Canadians haven’t jumped on the protectionist bandwagon to nearly the same extent as people in some other developed countries, but when the idea of Chinese state-run corporations gaining greater access to Canada comes up, the answer is a resounding “no.”
A new poll from Nanos Research, carried out for the Globe and Mail, found nearly nine in 10 Canadians are “uncomfortable” with the idea of China’s large, government-controlled business gaining more access to Canada's economy — an almost inevitable aspect of any free trade deal with China.
Eighty-eight per cent of respondents were either “uncomfortable” or “somewhat uncomfortable” with opening Canada up to Chinese Chinese state-owned firms. Only 11 per cent said they were comfortable with the idea.
A trade deal with China would almost inevitably mean giving government-controlled businesses greater access to Canada’s economy. The vast majority of China’s largest corporations are at least partly state-owned, and many of their top executives are hand-picked by government.
That could pose a political problem for the governing Liberals, who are pursuing a trade deal with China in the wake of rising protectionism in the U.S., embodied by the rise to power of President Donald Trump.
The Liberals have said they expect a trade deal with China to create jobs in Canada in the longer run.
Canadian officials held exploratory talks on a trade deal with China earlier this year, and another round of talks is expected this month.
Chinese Premier Li Keqiang (left) holds talks with Prime Minister Justin Trudeau in Ottawa, Sept. 22, 2016. (Photo: Xinhua/Huang Jingwen via Getty Images)
After China’s state-run CNOOC bought oilsands player Nexen in 2012, then-Prime Minister Stephen Harper changed regulations to make it more difficult for state-run enterprises to take over Canadian companies.
Trade experts say that’s one rule China’s government will want rescinded. Some predict that China will even want the ability for Chinese companies to import their own employees to work on projects in Canada. Observers note that such a clause is part of China’s free trade deal with Australia, which was signed in 2015.

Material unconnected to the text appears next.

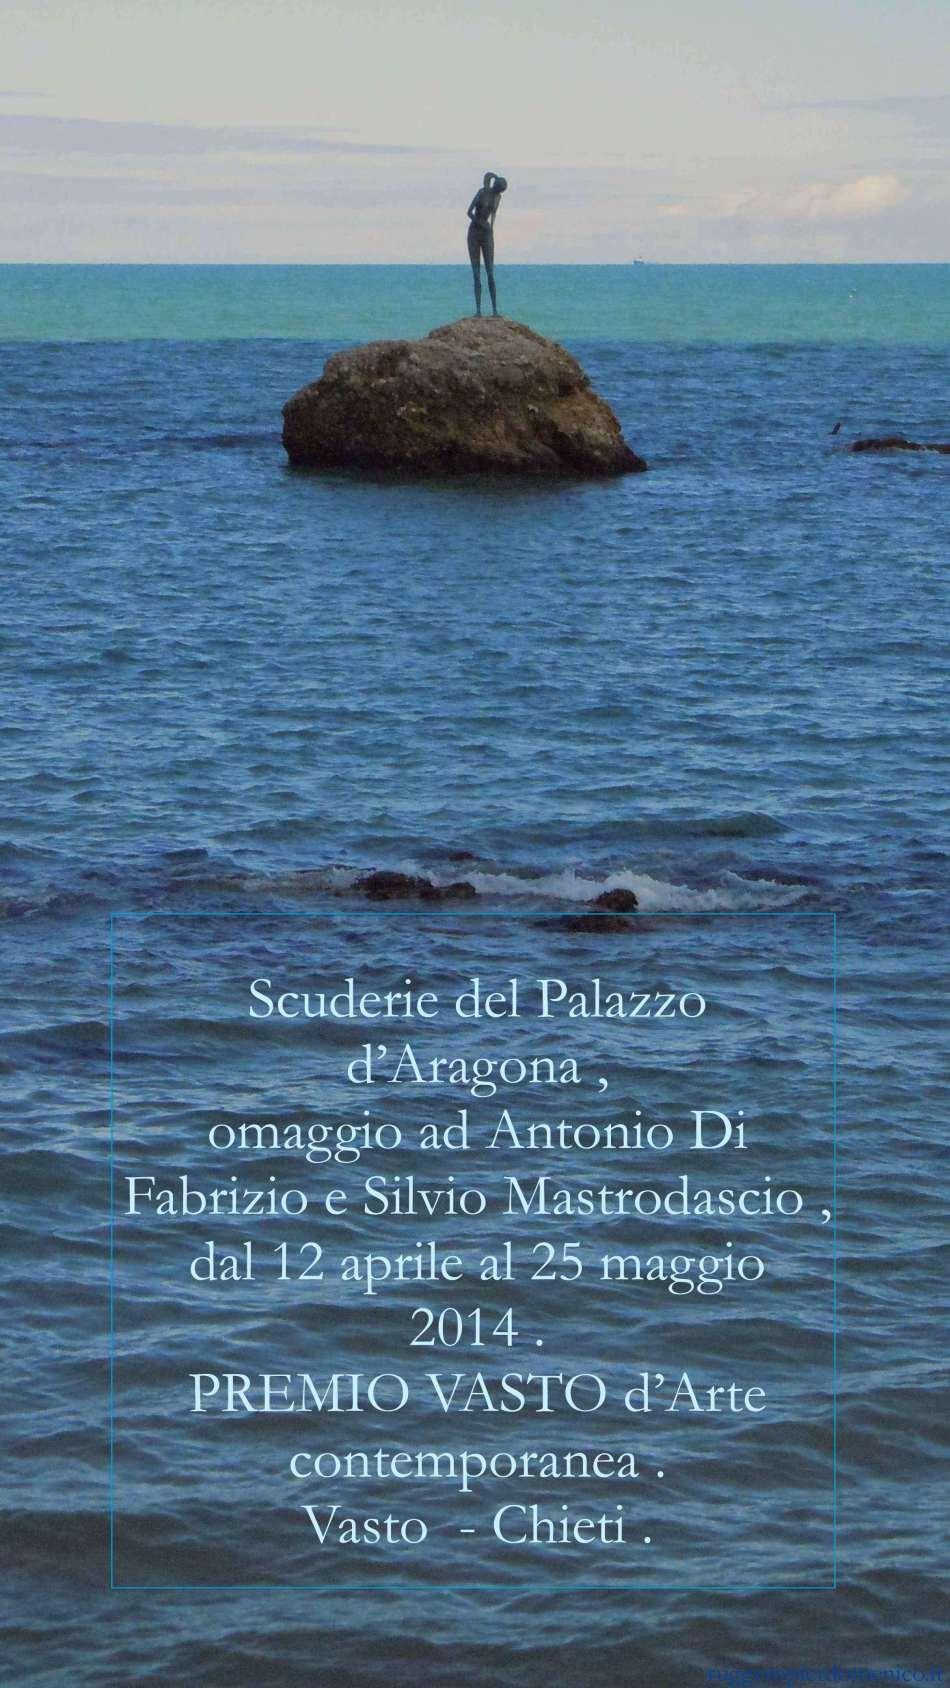 Vasto 2014,locandina (ruggeropierdomenico.it)

In an interview with the Globe and Mail last month, China’s ambassador to Canada, Lu Shaye, said his government is looking for total access to Canada’s economy.
Lu also rejected the notion of linking human rights to a free trade agreement.
“Investment is investment. We should not take too much political considerations into the investment,” he said. “Just like the negotiations of the (Canada-U.S.) FTA, we should not let political factors into this process. Otherwise, it would be very difficult.”
A majority of Canadians disagree. The Nanos poll found two-thirds of Canadians agree with the notion that human rights in China should be linked to a free trade deal with Canada. Twenty-one per cent opposed the idea, and 14 per cent were unsure.
The Nanos poll also found more than eight in 10 Canadians oppose dropping national security reviews of Chinese takeovers of Canadian companies, with only 17 per cent in support of the idea.
When asked more generally about a trade deal with China, Canadians seem to be more receptive to the idea. A poll carried out last year for the Asia Pacific Foundation of Canada found Canadians evenly split on a trade deal with China, with 46 per cent in support and 46 per cent opposed.
However, Canadians were much more likely to support trade deals with more developed countries, such as Australia or Japan.
The Nanos poll surveyed 1,000 Canadians aged 18 and over from April 1 to 4. It has a margin of error of +/-3.1 percentage points, 19 times out of 20.